# Code repository for "Multi-domain Distribution Learning for De Novo Drug Design"

This repository contains the training and sampling scripts to reproduce the results of our ICLR 2025 submission.

## Environment

Create a conda/mamba environment 
```bash
conda env create -f environment.yaml -n drugflow
conda activate drugflow
```

and add the Gnina executable for docking score computation
```bash
wget https://github.com/gnina/gnina/releases/download/v1.1/gnina -O $CONDA_PREFIX/bin/gnina
chmod +x $CONDA_PREFIX/bin/gnina
```

## Dataset preparation

### Pre-processed dataset
The preprocessed dataset is available on Zenodo
```bash
wget https://zenodo.org/records/13871375/files/processed_crossdocked.zip
unzip processed_crossdocked.zip
```

### (Optional) running pre-processing locally

To process the raw dataset locally, first download and extract the CrossDocked dataset as described by the authors of Pocket2Mol: https://github.com/pengxingang/Pocket2Mol/tree/main/data.

Specify input and output directories
```bash
CROSSDOCKED_DATA=...  # location at which the dataset was extracted
PROCESSED_DATA=...  # location at which the processed dataset will be stored
```

Then, preprocess the data for DrugFlow
```bash
python src/data/process_crossdocked.py $CROSSDOCKED_DATA \
       --outdir $PROCESSED_DATA \
       --flex
```

## Training

Example config files are provided for:
- DrugFlow: `CONFIG=configs/training/drugflow.yml`
- FlexFlow: `CONFIG=configs/training/flexflow.yml`
- Preference alignment: `CONFIG=configs/training/preference_alignment.yml`

Create a symlink to the processed dataset and for the 
```bash
LOGDIR=...  # where checkpoints, and validation outputs will be saved
ln -s $PROCESSED_DATA processed_crossdocked
ln -s $LOGDIR runs
```
Alternatively, you can change the corresponding paths in the config files.

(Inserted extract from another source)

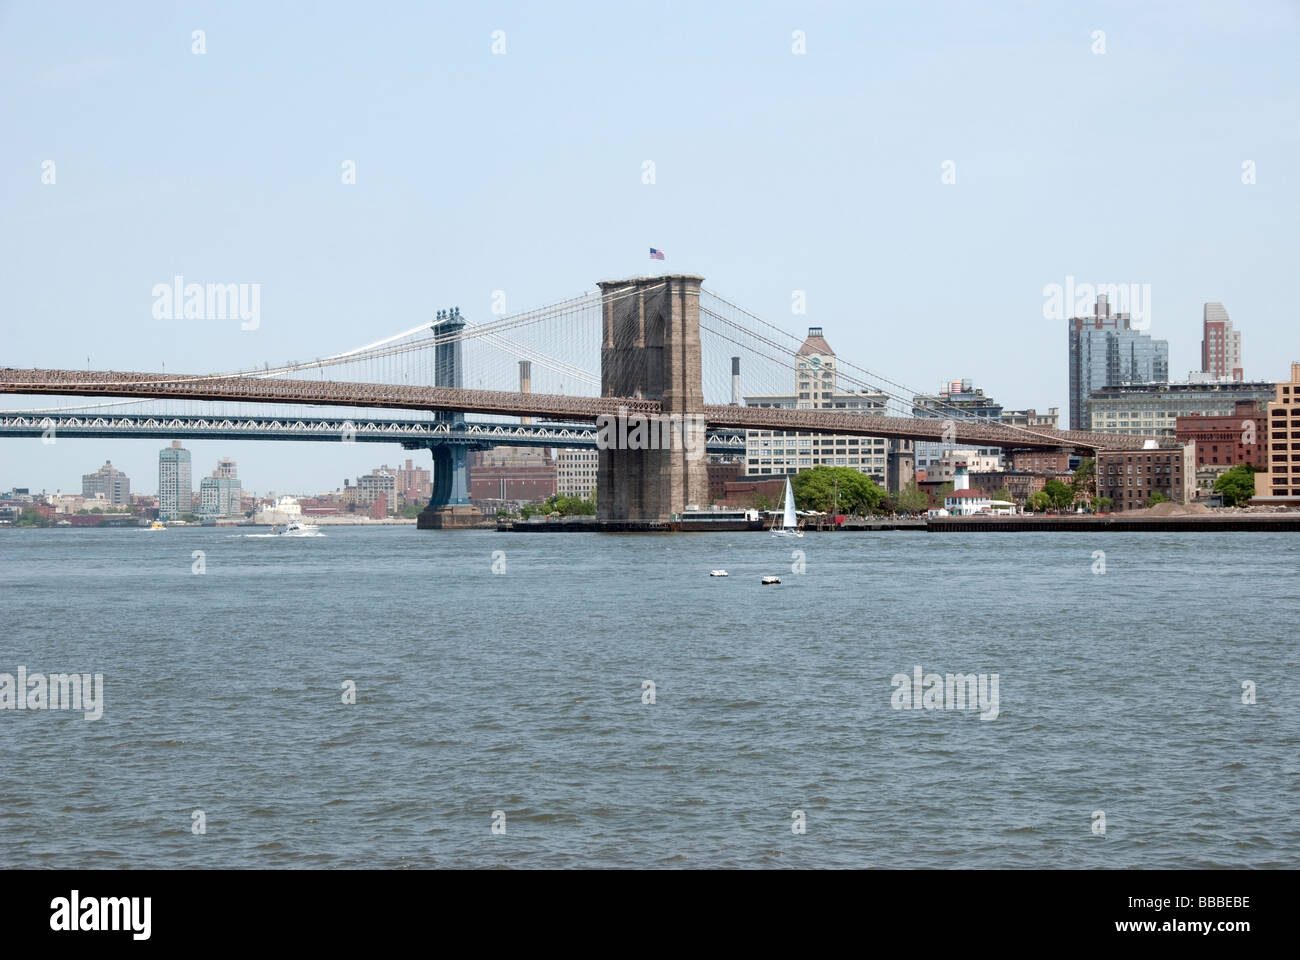 view of the East River with the Brooklyn & Manhattan bridges and Brooklyn waterfront, New York Stock Photo

To launch the training job for the DrugFlow base model, for example, run
```bash
python src/train.py --config $CONFIG
```


## Sampling

Pretrained checkpoints can be downloaded from Zenodo with

```bash
# Base DrugFlow model
wget -P checkpoints/ https://zenodo.org/records/13871375/files/drugflow.ckpt

# DrugFlow + confidence head
wget -P checkpoints/ https://zenodo.org/records/13871375/files/drugflow_ood.ckpt

# FlexFlow
wget -P checkpoints/ https://zenodo.org/records/13871375/files/flexflow.ckpt

# DrugFlow after preference alignment
wget -P checkpoints/ https://zenodo.org/records/13871375/files/drugflow_pa_comb.ckpt
```

The selected checkpoint, e.g. `checkpoints/drugflow.ckpt`, must be specified in `configs/sampling/sample_and_maybe_evaluate.yml`.
To sample with your own trained model, simply provide a custom checkpoint path instead.

Furthermore, you need to update the `sample_outdir` parameter in the sampling config file or link the desired output location
```bash
SAMPLE_OUTDIR=...  # where samples will be saved
ln -s $SAMPLE_OUTDIR samples
```

For sampling run
```bash
python src/sample_and_evaluate.py --config configs/sampling/sample_and_maybe_evaluate.yml
```
which supports parallelization across target pockets by specifying `--job_id` and `--n_jobs`.
To also evaluate the results, set `evaluate: True` in the sampling config file.